04 · portfolio-level

Corridor composition

which regions of science should we compile first

Given finite attention and capital, which corridors should the Weave compile next? Which interlocking pairs unlock each other? Which dark regions should be deliberately long-exposed? Markowitz at civilizational scale, and the Horizons operating model.

The four are layered. Horizon re-projection is cheapest and ships first. Trajectory extrapolation builds on it. Counterfactual intervention requires Vela's typed links to be dense enough to support causal reasoning. Corridor composition is the portfolio-level capability that the Gigafactories need to operate against.

The honest epistemic limit. Prospective simulation of science is harder than retrospective reading, and the honesty is in admitting it. Short-horizon modest interventions are tractable. Long-horizon field-scale simulation is not forecastable with calibrated confidence. The model's job is not to predict the future but to surface which compilation decisions are robust across many plausible scientific futures. Not "what will happen" but "what compilation work performs well enough across the widest set of conditions."


V · the vision stack

Vela, Horizons, Gigafactories, the Weave

Vela is the protocol. Horizons is the organization. The Gigafactories are the campaigns. The Weave is what the three together produce when the substrate is open and the campaigns compound.

Vela
the open protocol
An open protocol for the State layer of science. Content-addressed finding bundles, typed links, confidence tracking, provenance chains, corridor assembly. Published schema. Rust CLI. Apache 2.0. Intended to be interoperable with every Runtime and every Network that speaks it. Never a revenue product, because the substrate cannot be enclosed without re-breaking the thing it exists to fix.
Horizons
the organization
The company built around Vela. Operates the reference compiler, runs the initial corridors, produces the open benchmarks, and builds the State-layer products that make the protocol usable. Successor to the Bell Labs form: long time horizon, open substrate, frontier-shaped, compounding through published output rather than enclosed IP.
The Gigafactories
the eleven campaigns
Named compilation campaigns over strategic regions of the scientific sky. Solace · Tidal · Watershed · Meridian · Granary · Rift · Lodestar · Sentinel · Parallax · Rootstock · Beacon.

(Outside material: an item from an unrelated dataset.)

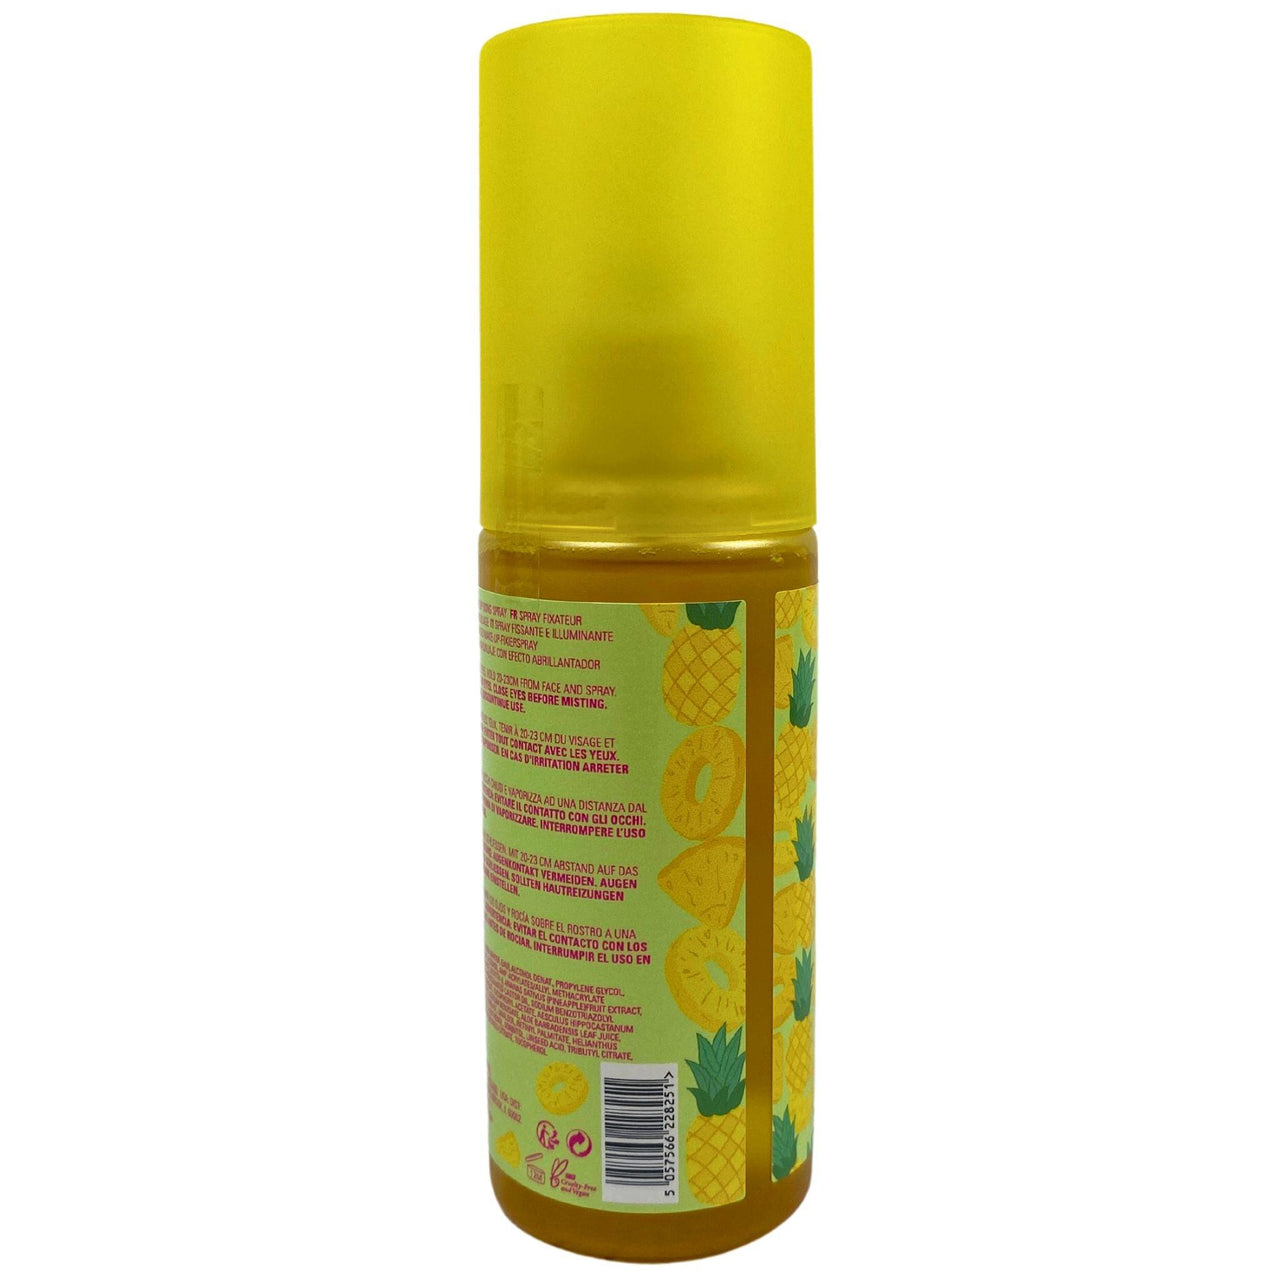 I Heart Revolution Pineapple Brightening Makeup Fixing Spray 3.38OZ (36 Pcs Lot) - Discount Wholesalers Inc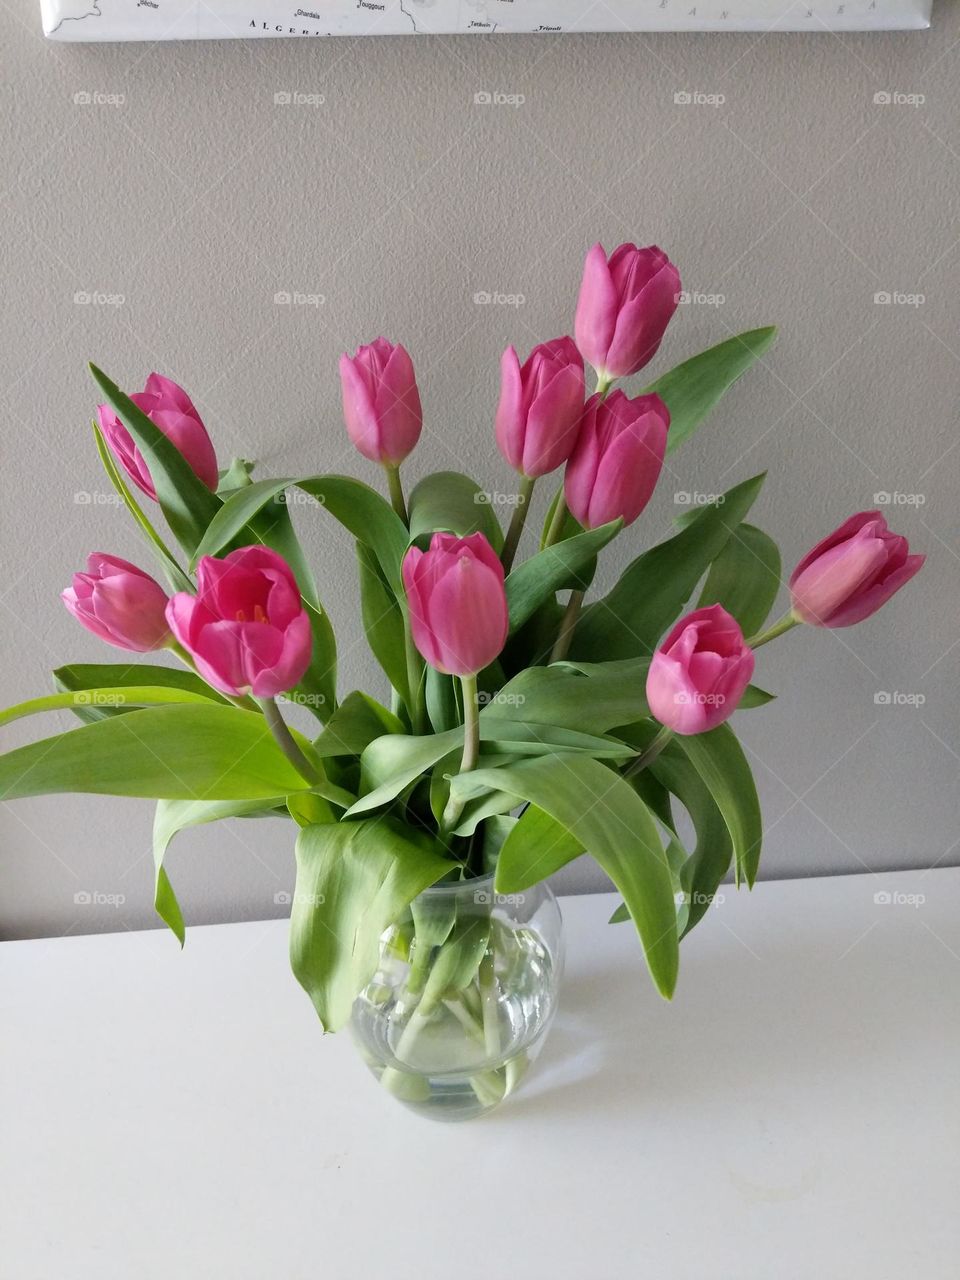 Vase of pink tulips

Each one is the Alzheimer blood-brain-barrier corridor scaled: a serious, long-exposure compilation of a region that matters, partnered with the Runtime teams extending the frontier in that region.
The Weave
the civilizational result
What science becomes when its compiled substrate is open, versioned, and queryable; when the Runtime has somewhere to land; when the Network is interoperable by default. The compounding regime every serious observer knows is missing.

VI · the bet

What this work is, and is not

Most AI-for-science funding is flowing to the Runtime layer. The foundation models, the autonomous labs, the agent pipelines. These are real and necessary. But every Runtime team that runs for long enough arrives at the same architectural realization: there is no substrate to land on. The compiled, queryable, versioned layer that Git provided for code has no equivalent for findings. Vela is the open protocol that fills that gap.

The bet is not that Vela alone reshapes science. The bet is that Vela plus a community of Runtime teams building on top of it, plus a Network layer coordinating across them, produces the compounding regime that every serious observer knows is missing and that no one has yet constructed. The State layer is the wedge. Everything else follows.